Quantité de mots sont gâtés et poissent comme une pêche de l’avant-veille : la décroissance et l’écologie n’y échappent pas. Banal destin de la récupération : on croit gagner la bataille des mots tandis qu’on la perd dans les faits. Mais si un mot finit par être récupéré, n’est-ce pas parce que le monde qu’il suggérait n’était finalement pas si éloigné de celui qu’il contestait ?

On a bien du mal à voir dans la plupart des alternatives écologistes contemporaines des propositions tranchant nettement avec le monde présent – si ce n’est la moindre teneur en carbone. Or une subversion politique ne peut s’établir que sur l’existence claire d’un écart qui crée un différend irréconciliable et irrécupérable entre deux manières d’habiter un territoire. Pourtant, les stratégies écologistes dominantes centrées sur l’interpellation et la mise sous pression des pouvoirs économiques et politiques peinent à faire émerger cet intervalle nécessaire, tout comme les invitations à « faire sa part » axées sur des parcours individuels de transformation intérieure.

Mêmes les actions et appels au blocage des entreprises polluantes et des chantiers d’infrastructures qui s’installent peu à peu dans le sillage des Gilets Jaunes et chez un nombre croissant d’écologistes peuvent être digérables : le blocage peut devenir une simple tactique d’agit-prop’ ou un flash mob militant. Sauf s’il s’inscrit dans une stratégie globale de subversion, comme une arme redoutable parmi d’autres, dans un front d’actions plus large. Tant que nous n’aurons pas identifié des processus à stopper, des infrastructures à démanteler, des cibles à atteindre, nous ne quitterons pas les rivages de la sidération, toujours propice à la récupération médiatique. Même égrener les noms ennemis – tout le monde ou presque déteste les GAFAM ou Total – reste vain sans imaginer comment s’en débarrasser et pratiquer dès à présent collectivement une autre forme de vie terrestre et numérique.

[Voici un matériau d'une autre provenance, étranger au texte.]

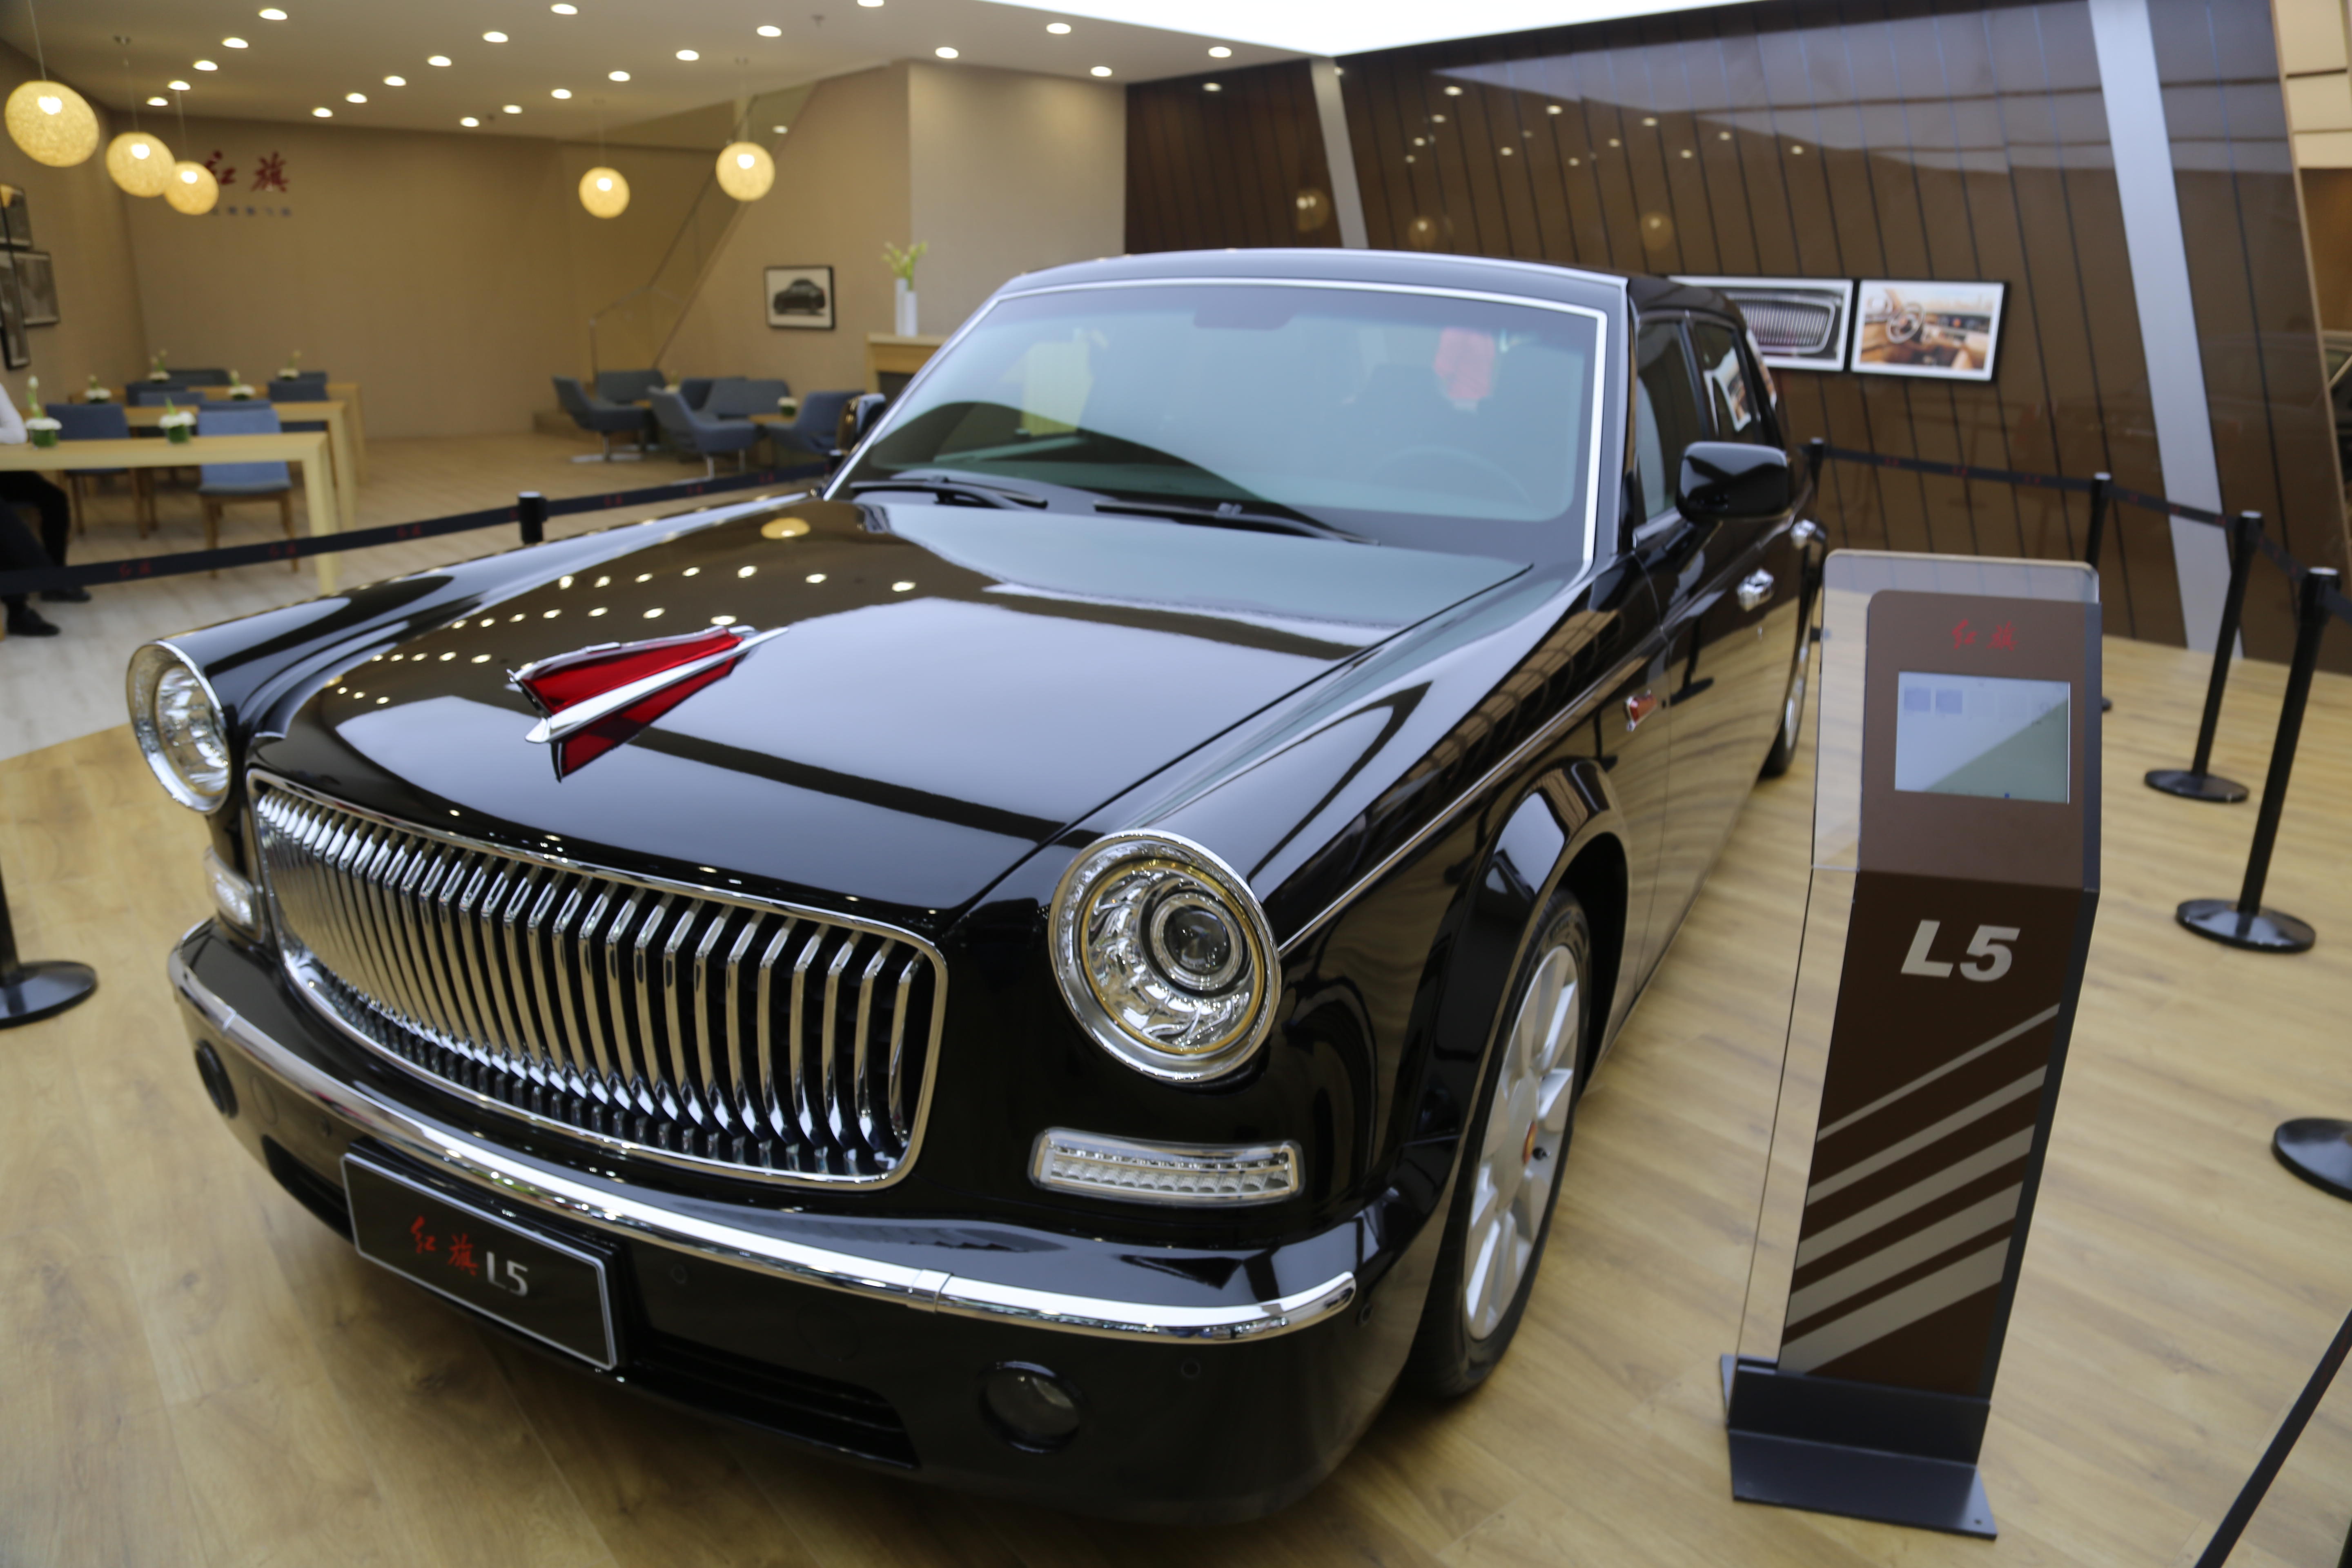 红旗l5车展实拍,中国版劳斯莱斯,售价高达500万

un incendie dans une centrale thermique (charbon, pétrole..) à Moscou, juillet 2019

LES MOIS NE FONT PLUS QUE 11 JOURS

Le 29 juillet prochain, l’humanité dépassera pour la 39e année consécutive depuis 1970 son jour du dépassement – ce qui signifie qu’à cette date, nous avons déjà consommé l’intégralité des ressources que la Terre est capable de régénérer en une année. Rappelée chaque année par les médias, cette date symbolique qui avance sans cesse a aussi été l’occasion d’actions écologistes visant à alerter sur les limites de la planète. Pourtant ce rendez-vous annuel, perdu parmi 365 jours anniversaires, a peu d’efficacité politique.

Pour rendre plus sensible la catastrophe, ne serait-il pas plus intéressant de transposer cette date annuelle en un rendez-vous mensuel et rapporté à chaque pays ? Appliqué à la France, dont le jour du dépassement a été franchi le 5 mai cette année, cela revient à considérer que nous vivons à crédit à partir du 11ème jour de chaque mois. L’intérêt ici est de réinscrire les cycles métaboliques de la Terre dans une temporalité commune à chacun : à partir du 11e jour, continuer à extraire, à transformer, à construire, à rouler, à vendre, c’est à dire essentiellement persévérer à travailler, est complètement irrationnel, funeste, indéfendable. Désormais, les mois ne font plus que 11 jours. Au-delà, ce sont des pas posés sur un sol et une atmosphère qui ne nous appartiennent pas. Voilà l’histoire classique, centrée uniquement sur le social et les interactions humaines, percutée par le temps de la Terre. Ce 11e jour pourrait être l’occasion de réaccorder ces deux temporalités.

Comment ouvrir le conflit politique sur cette base ? En toute logique écologique, on devrait douze fois par an stopper la production du pays à partir du 11e jour jusqu’à la fin du mois, par exemple en bloquant certaines infrastructures et industries (agro-alimentaire, pétrochimie, transport, etc.) responsables de notre sudation estivale. Cela ferait peut-être surgir un véritable différend politique en alliant la mauvaise humeur de la Terre avec une colère et une pluralité d’actions offensives. Reste à étendre plus largement les fronts de luttes pour affronter la monstruosité de notre temps.